First you should know that I am a total novice.
I have a Troy Built Pressure Washer Model 020208.
The threads on the manifold are stripped so I have ordered a new one.
While I wait on the shipment of the new manifold, I removed the old one and noticed that the check valves were covered with a white build up (lime or calcium?) I removed the valves and cleaned them with vinegar and they seem to be working properly. My question is, should I be doing any other maintainence while I have the manifold off? Should I use any type of lube or greese when reinserting the valves and manifold? Im sure this is rutine stuff for you guys but I am clueless. 
Thanks for your help.


----------



## Thurman (Feb 9, 2009)

The check valves should be made of Stainless Steel and will need no lubrication.
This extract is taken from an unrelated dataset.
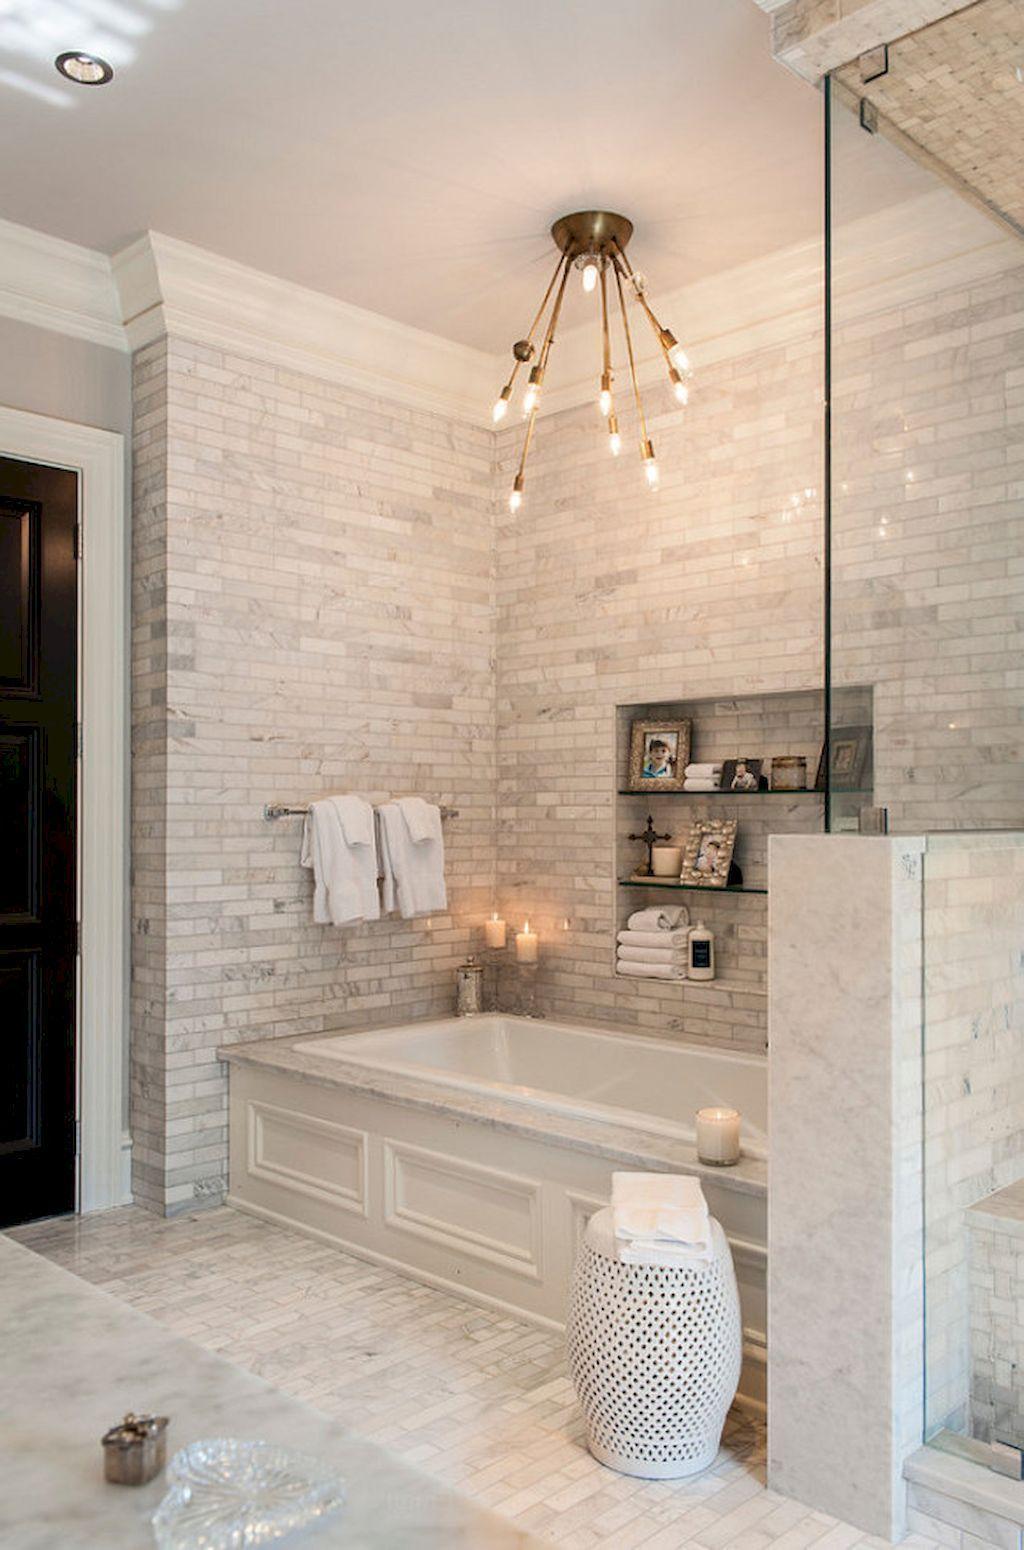 Try These Energizing Home Improvement Ideas Remodelacion De Banos Banos De Lujo Decoracion Banos

Be sure to put the check valves back in as they were removed, or your unit will not work. IF this is a gas powered unit, it would be a good time to change the oil, clean the air filter, change the spark plug, and generally clean the motor unit. You may want to change the oil in the pump unit as well, it wouldn't hurt it. Be sure to follow the manufacturer's instructions for oil in this unit. IF it is an electric unit, check the power cord and it's connection at the motor. Good Luck, David


----------



## DIY JIM (Oct 12, 2009)

Thanks Dave!


----------



## treborkanzarb (Oct 10, 2009)

*manifold*

You may not need to replace the manifold just the " Inlet pipe".
find parts list by Googleing "Trot Bilt parts replacement"


----------